We found no evidence that a PA intervention reduced length of stay. In cross-sectional and observational studies of older adults, regular PA has been shown to significantly reduce healthcare utilization and costs, including length of stay2-5, 15-17. However, Davies and colleagues18 reported in a recent Cochrane review, that there was only a non-significant trend towards a reduction in the number of patients experiencing hospital admissions with exercise in randomized controlled trials of exercise-based interventions with six months follow-up or longer compared to usual medical care.
To provide some context to the gait speed categories that were used in our analyses, we note that working groups have proposed using cut point values of 0.8 m/s and 1.0m/s to define slow gait speed19, 20. A recent review focused on geriatric clinical settings, reported that over short distances (2-15 m) a gait speed estimate for usual pace of 0.58 m/s (95% confidence interval [CI]: 0.49–0.67) and 0.89 m/s (95% CI: 0.75–1.02) for maximal pace, while gait speed at usual pace in acute care settings was 0.46 m/s (95% CI: 0.34–0.57), which was significantly slower than the gait speed of 0.74 m/s (95% CI: 0.65–0.83) recorded in outpatient settings.21. Cesari et al.22 reported that a 6-m usual gait speed of less than 1 m/s identifies persons at high risk of health-related outcomes within a cohort of well-functioning older people. Finally, Studenski23 synthesized a wide literature base and a task force report and suggested the following gait speed categories that might be used in diagnostic testing: < 0.6 m/s - seriously abnormal; 0.6 to 1.0 - mildly abnormal; 1.0 to 1.4 – normal; 1.4 or higher - superior.
The strong interaction between baseline 400-m walk gait speed and treatment showed that individuals in the middle gait speed category accounted for the bulk of the imbalance in hospitalizations between the PA and HE groups. Overall, this remained true when we examined hospitalizations in the three gait speed categories at each site and for each MedDRA® SOC category. Potentially, individuals in the <0.8 m/s category may have exercised at a lower intensity which did not unmask physical symptoms, whereas individuals in the >1.0 m/s category, who were likely healthier and may have walked at a higher intensity, found the additional stress or disruption of homeostasis manageable. The 0.8-1.0 m/s category is a potentially more unstable category who have the cardiovascular and neuromuscular capacity to walk at a relatively high intensity but have poorer overall health so that the stress of moderate intensity PA may unmask latent physical symptoms leading to the small between treatment imbalance in hospitalizations.

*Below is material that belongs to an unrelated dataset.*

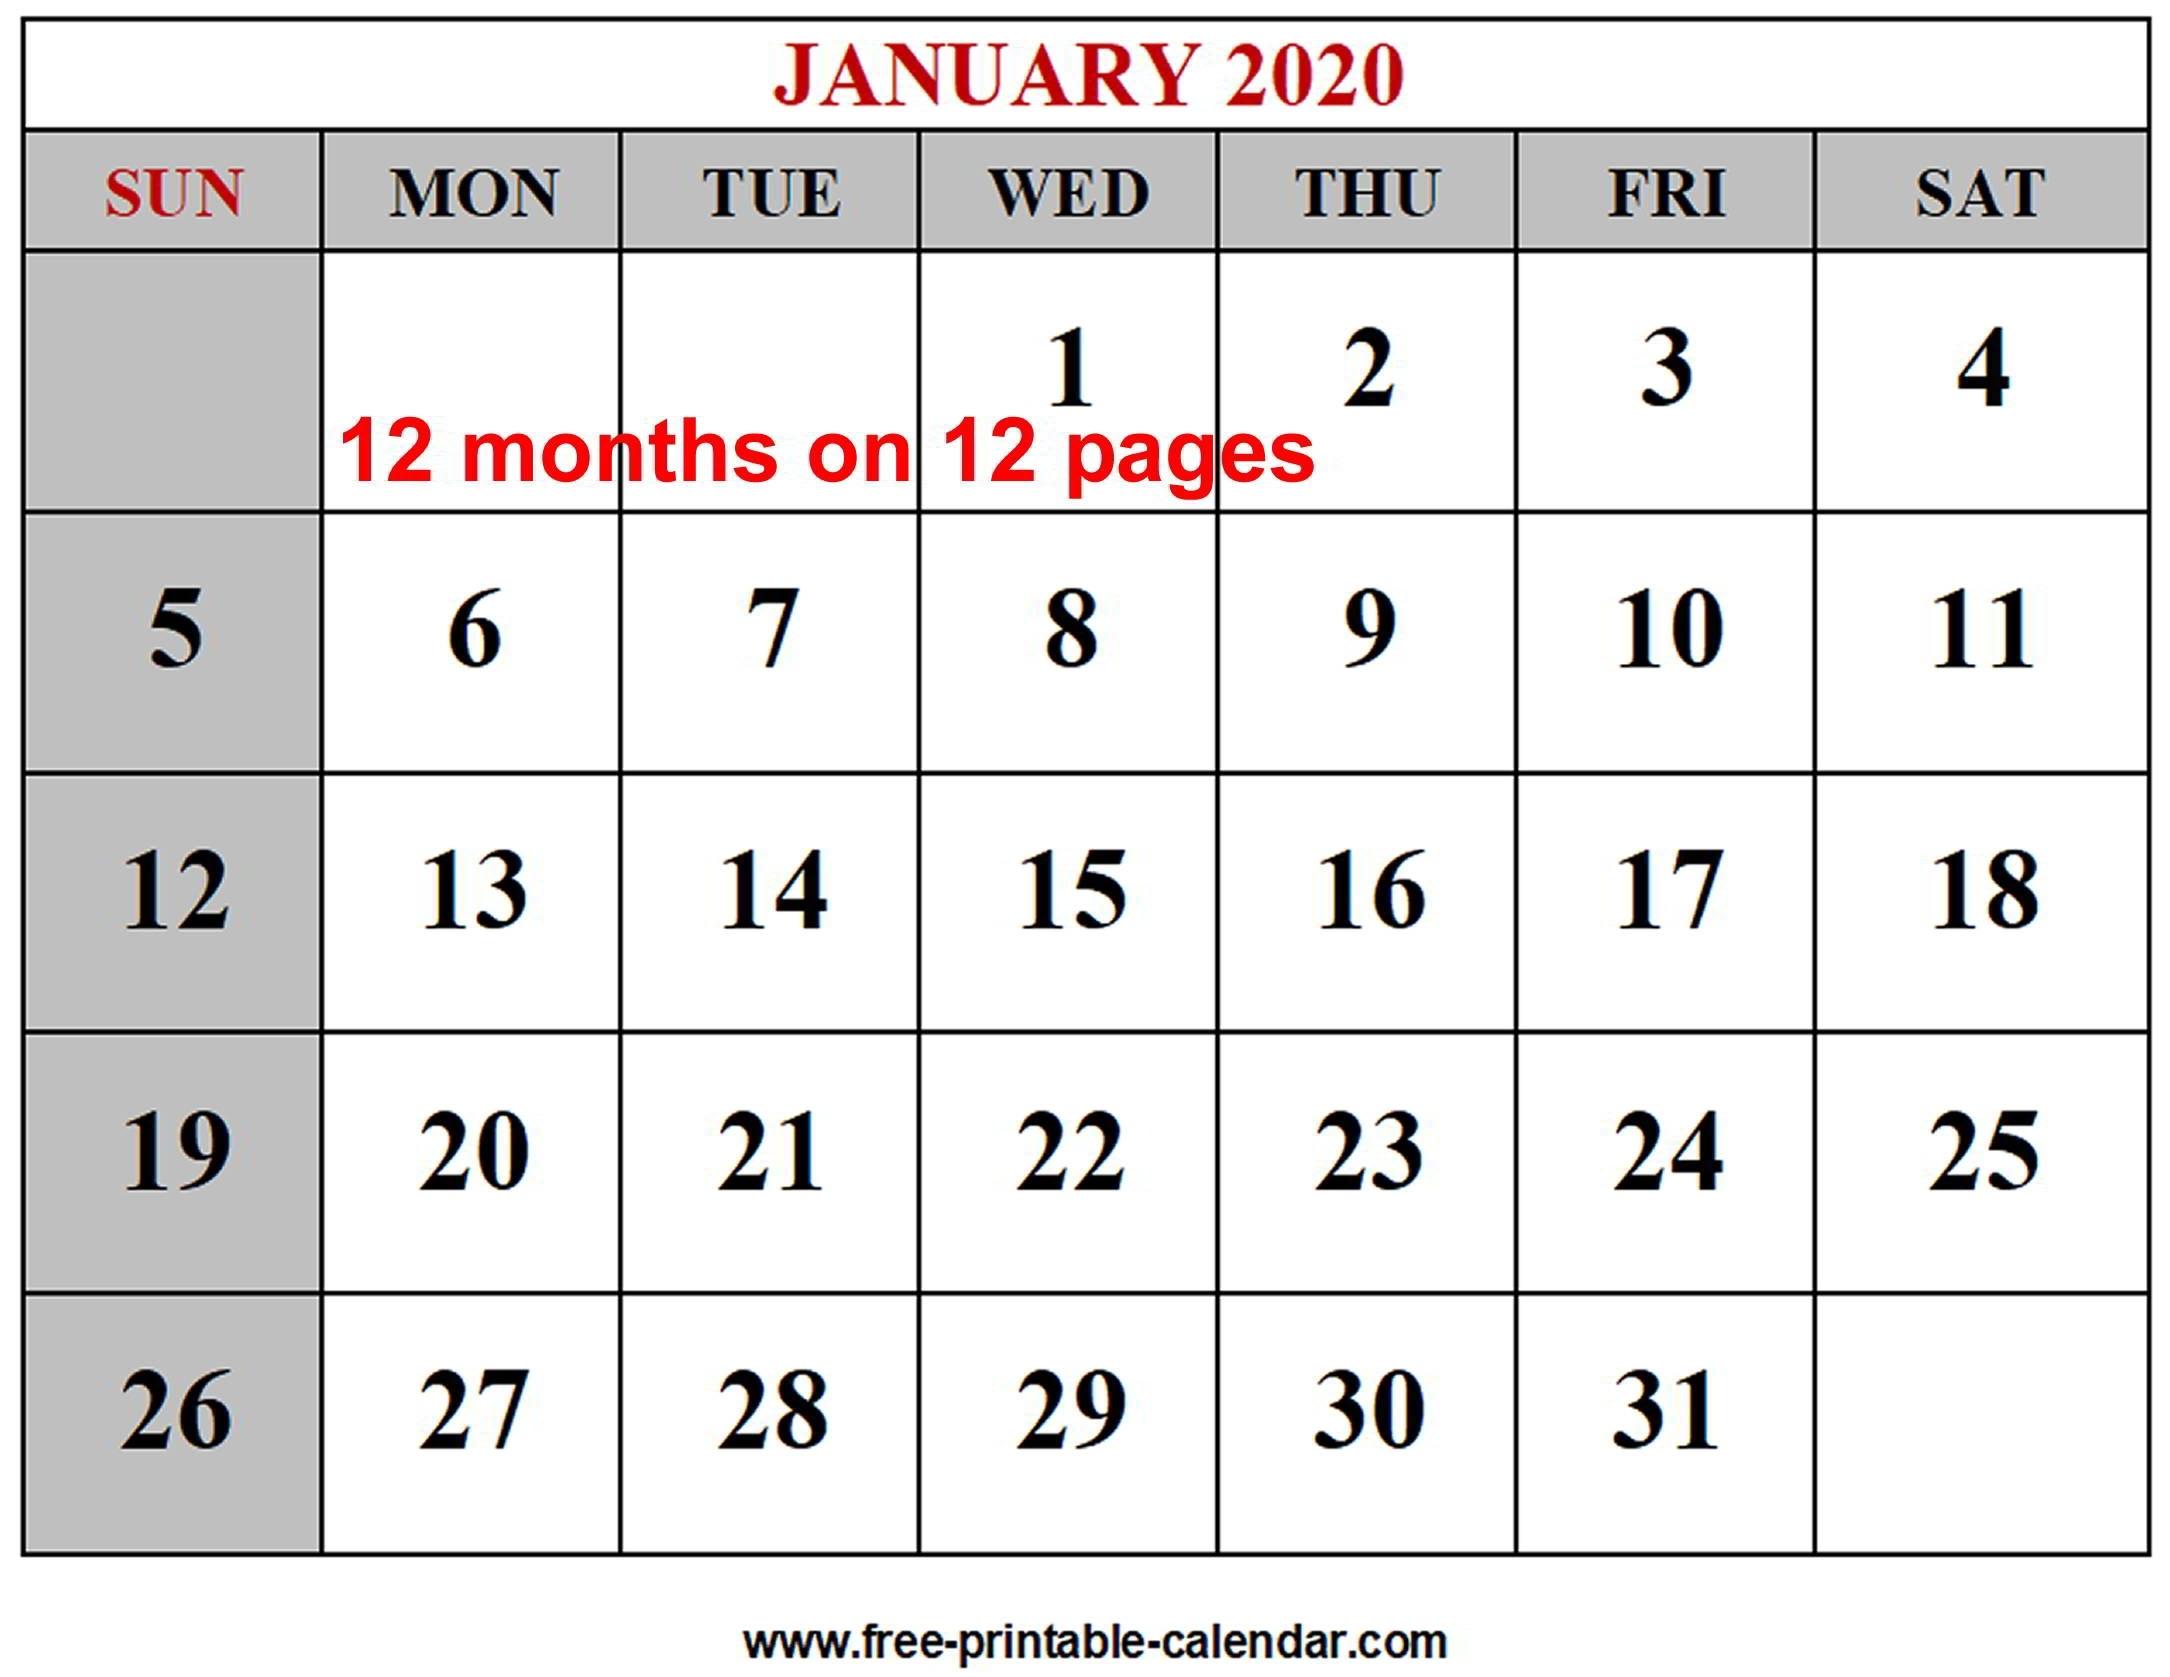 Year 2020 Calendar Templates - Free-Printable-Calendar

However, when we examined the data for differences between the three gait speed categories for MedDRA® SOC category, field center, PA dose, and hazard rates, the overwhelming conclusion was that none of these factors furthered our understanding of the imbalance in hospitalizations within the middle gait speed category. Rather we observed remarkable consistency in the pattern of hospitalizations and the hazard rates, while the PA dose revealed nothing unusual across the three gait speed categories.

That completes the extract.